To date, there is no available treatment for CIM, apart from symptomatic and rehabilitative interventions. This highlights the importance of developing and implementing preventive strategies during intensive care and early recognition of patients who are at increased risk for developing CIM. The treatment of the disease underlying critical illness, e.g., treatment of severe infection and multi-organ failure, is the central component in preventive treatment for CIM. A Cochrane review of interventional trials reported that intensive insulin therapy moderately reduced the prevalence of CIM and critical illness polyneuropathy in two studies (see above) [11, 45, 75]. Recently, a new preventive treatment possibility has been described and investigated: Cacciani et al. [76•] reported that treatment with the chaperone co-inducer BGP-15, a heat shock protein and insulin-sensitizer drug candidate, may protect muscle fiber force and improve survival within the first 5 days of critical illness. At longer durations, e.g., 8 to 10 days, BGP-15 no longer had a protective effect when preferential loss of myosin, the hallmark of CIM, had become manifest [76•]. Vamorolone represents a new class of dissociative glucocorticoids with the same anti-inflammatory effects as prednisolone, but fewer harsh negative hormonal effects on muscle tissue and originally designed to treat patients with Duchenne muscular dystrophy [77]. In experimental studies, vamorolone reduced the loss of muscle mass, myosin loss, and muscle function in response to 5 days mechanical ventilation and immobilization [78•]. The JAK/STAT inhibitor ruxolitinib attenuated the negative effects of the ICU condition similar to BGP-15 and vamorolone [79•]. BGP-15, vamorolone, and ruxolitinib all have anti-inflammatory effects, albeit at different levels of inflammatory pathways, and in addition to improving muscle function, reducing muscle wasting, and myosin loss, they all improved survival in an experimental ICU model where rats were exposed to immobilization and neuromuscular blockade for 5 days and longer [76•, 78•].

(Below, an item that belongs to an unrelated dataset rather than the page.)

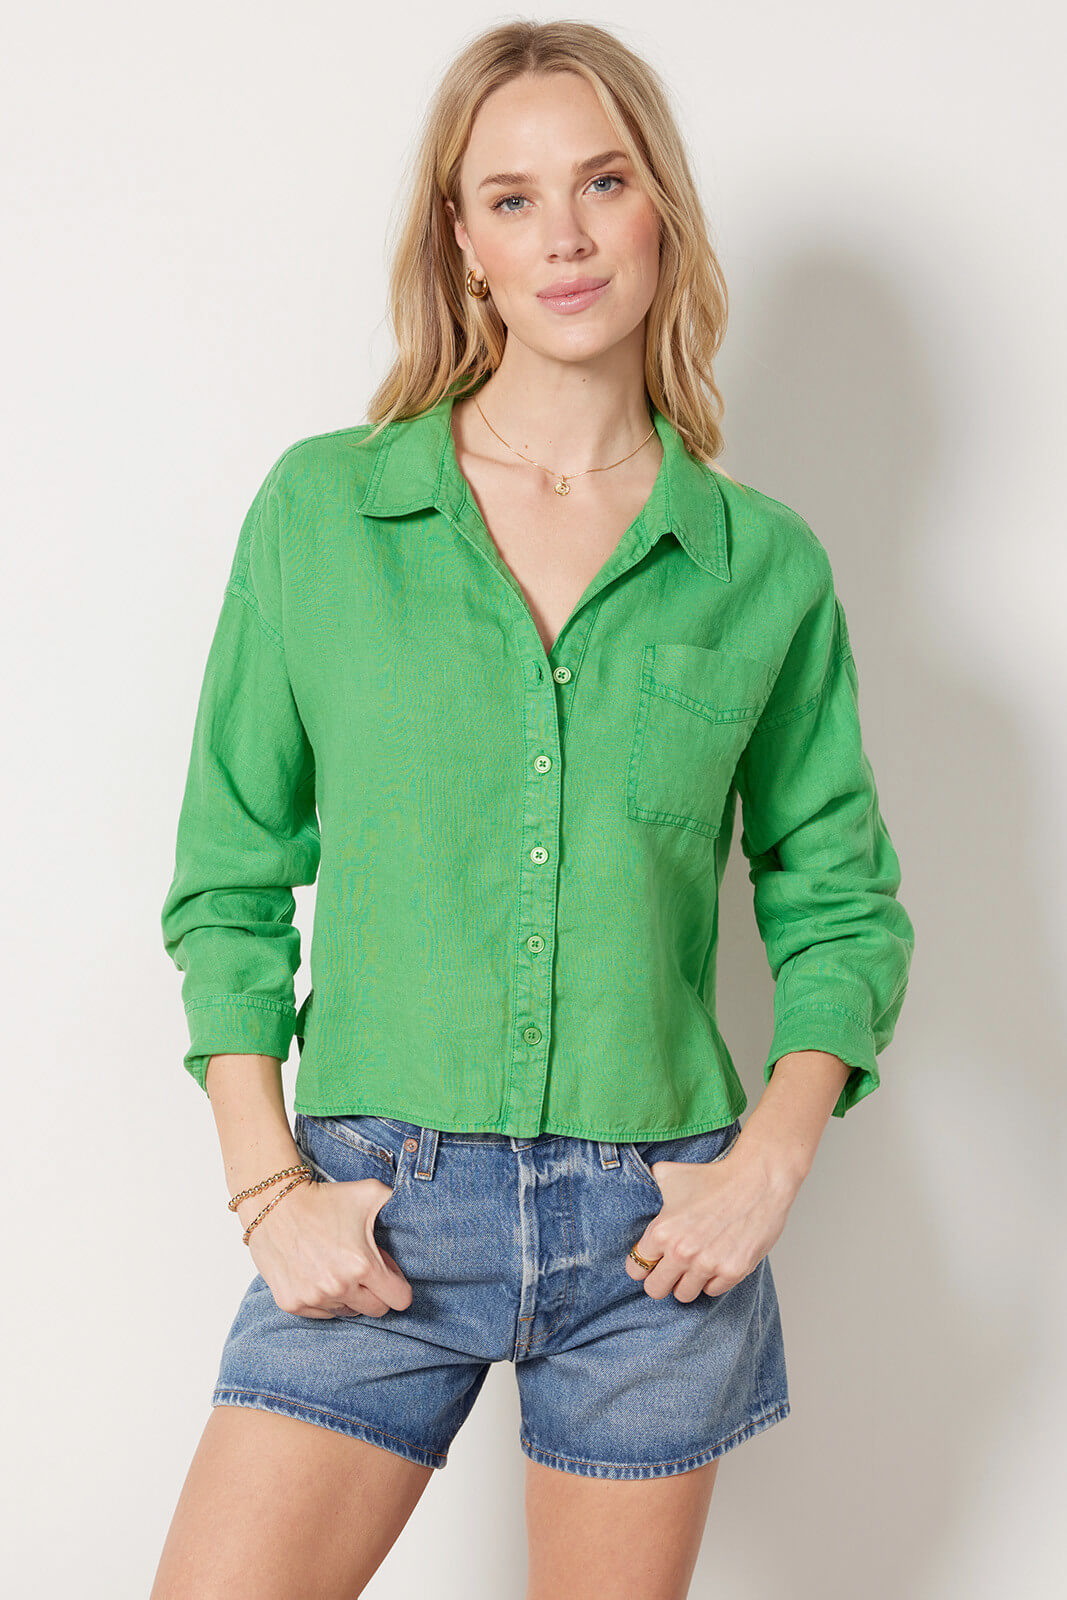 Model in jean shorts and green cropped collared shirt.

Conclusion and future directions

Constant improvements in modern intensive care have led to higher survival rates of patients, but also brought complications of intensive care treatment, such as CIM, into focus. Patients who develop CIM need longer intensive care, stay longer in hospital, and have a higher need for rehabilitation. CIM is not only associated with increased morbidity and mortality rates, but also reduced re-integration in former life. Consequently, not only the health-care cost for patients with CIM is significantly higher, but patients and their family members also have to endure high long-term socioeconomic burdens. The increase in CIM incidence during the COVID-19 pandemic has made this impact even more evident, and thus underlines the importance of further research into the pathophysiology underlying CIM, and the development of preventive and therapeutic measures. In recent years, promising methods for early diagnosis of CIM have been developed, but still need validation in larger patient cohorts. Tools for early diagnosis are of very high importance and form the basis for future studies, which aim to further investigate the pathophysiology of the disease and for the monitoring of therapeutic studies. Novel pharmacological interventions have been evaluated in experimental models (see above) showing promising preventive effects, but future clinical studies will be needed to study the effectiveness and safety of these drugs.